Uno de los protocolos de aplicación más útiles, usados y conocidos es DNS (Domain Name System). Aunque DNS puede servir para más cosas, su función principal en Internet es proporcionar las direcciones IP de los nombres de equipo. Por ejemplo, tomemos el nombre de equipo google.es al que accedemos desde España. Pero ya sabemos que en Internet los equipos se identifican con números, direcciones IP. La traducción de este nombre, sencillo de recordar, a dirección IP la realizan los servidores DNS. En este caso, la dirección IP es 72.14.207.191 (aunque lo más seguro es que haya más de una IP para este nombre).

DNS da para muchos posts. Diremos sólo que el servicio funciona de forma jerárquica. Probablemente tendremos un servidor DNS cercano y a éste irán nuestras preguntas del tipo "¿qué dirección IP tiene www.talmaquina.com?". Si nuestro servidor cercano lo sabe, perfecto. Pero si no, él tiene un servidor DNS por encima y le pregunta a éste. "¿Oye, tú sabes qué dirección IP tiene www.talmaquina.com?". Si ese servidor no lo sabe, contestará algo así como: "No, ni idea, pero pregunta a 'Otro servidor' que sabe más'". ¡Lo típico cuando preguntamos direcciones!. Y así va preguntando hacia arriba. Y arriba de todo están los super-servidores DNS de primer nivel, de los cuales hay 13 distribuidos geográficamente de forma equitativa: 7 en EE.UU. y el resto desperdigados.

Volvamos a lo nuestro, supongamos que yo tecleo el nombre de una dirección web en mi navegador: www.dimequenoexiste.com. ¿Qué es lo que pasará? Que mi navegador tratará de averiguar cuál es la dirección de la máquina con ese dominio para contactar con ella y pedirle una página html, típicamente. Para eso, efectuará una petición DNS.

La petición que quiero mandar al servidor DNS es: "¿qué dirección IP tiene www.dimequenoexiste.com?". Esa pregunta la codifico según el protocolo DNS. DNS, por otro lado, funciona sobre el protocolo de transporte UDP. Recordemos que los protocolos de transporte servían para añadir cierta coherencia al lío de la fragmentación de paquetes que se producía al gastar IP, y al hecho de que podían llegar desordenados o perderse. UDP no ofrece tanta garantía como TCP, es más sencillo: apenas añade información del número de puerto para identificar el servicio (ahora DNS). Metemos la información DNS dentro del paquete UDP. Toda esa información la meteremos en un paquete IP, para que viaje por Internet. Como yo me conecto a Internet gracias a una red Ethernet, tendré que meter el paquete IP dentro de una trama Ethernet. El controlador de Ethernet (que está en la tarjeta de red) se encarga de codificar esos unos y ceros de la mejor manera para transmitirlos.

En total, 5. 5 niveles, que fueron los explicados en el anterior post.

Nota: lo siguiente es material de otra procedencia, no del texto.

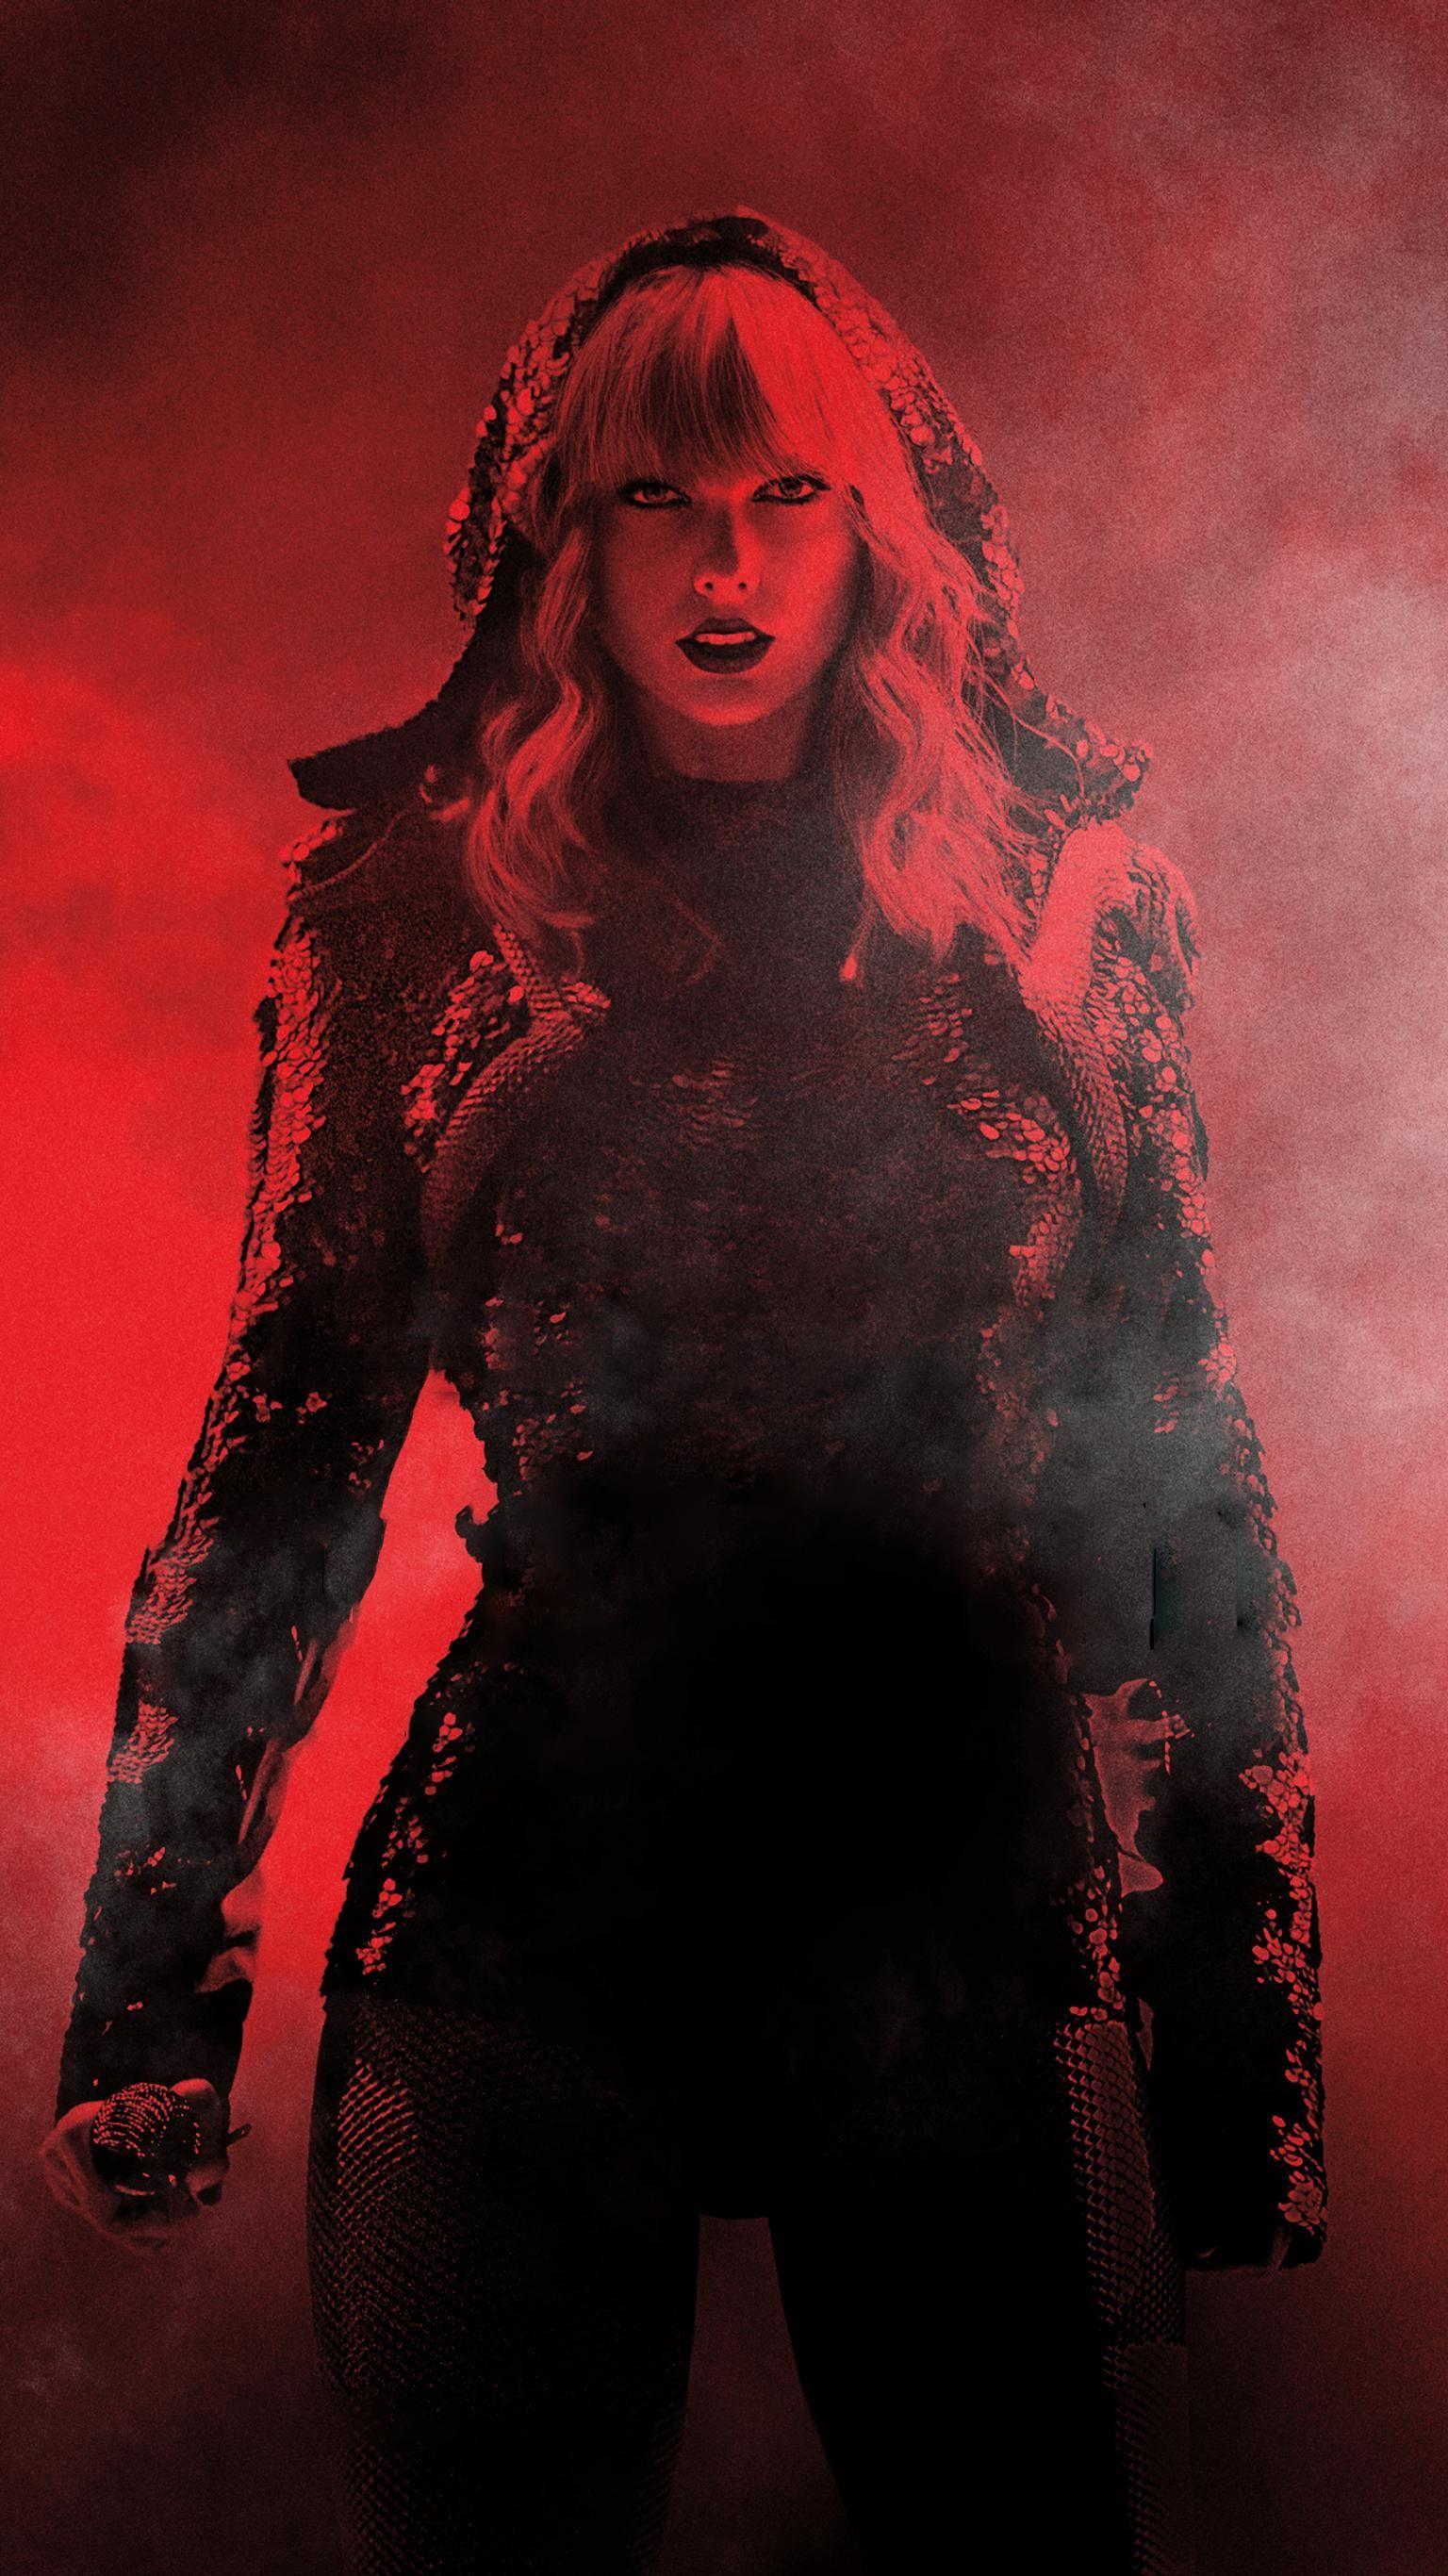 Paul Dugdale Phone Wallpapers Moviemania Fifty In 2020 Taylor Swift Pictures Taylor Swift Taylor Swift Hair

En la imagen vemos como se forma cada paquete y se mete en el del nivel inferior. Al navegador que gastamos, por ejemplo, la información acerca de las direcciones Ethernet utilizadas le importa un pimiento. De ahí que podamos hacer navegadores sin preocuparnos de esta cuestión.

Una vez hecha la pregunta, el servidor nos contestará gastando el mismo protocolo DNS. En la segunda imagen podemos ver la respuesta1. Podemos identificar los distintos paquetes de información de la respuesta. Arriba Ethernet, luego IP, luego UDP y luego DNS. Abajo vemos todos los bits del mensaje, en forma hexadecimal.

Nos podemos fijar, por ejemplo, en que la parte Ethernet hay un identificador que nos dice que el mensaje que contiene es IP (Type 0x0800). Asimismo, en el mensaje IP vemos que hay un identificador que nos dice que el mensaje que transporta es de tipo UDP (Protocol UDP: 0x11). Y que en el mensaje UDP, el puerto de origen 53 identifica el servicio que lo envía: DNS. La respuesta proporcionada por DNS es clara: No such name: ese nombre solicitado, www.dimequenoexiste.com, no existe.

Si hubiese pedido una página html a un servidor HTTP, sería muy parecido. Pero gastaría TCP en vez de UDP, ya que hay que manejar mayor intercambio de información y es necesaria cierta coherencia en la comunicación. Y por encima de TCP gastaría HTTP. Pero el formato por debajo no cambiaría.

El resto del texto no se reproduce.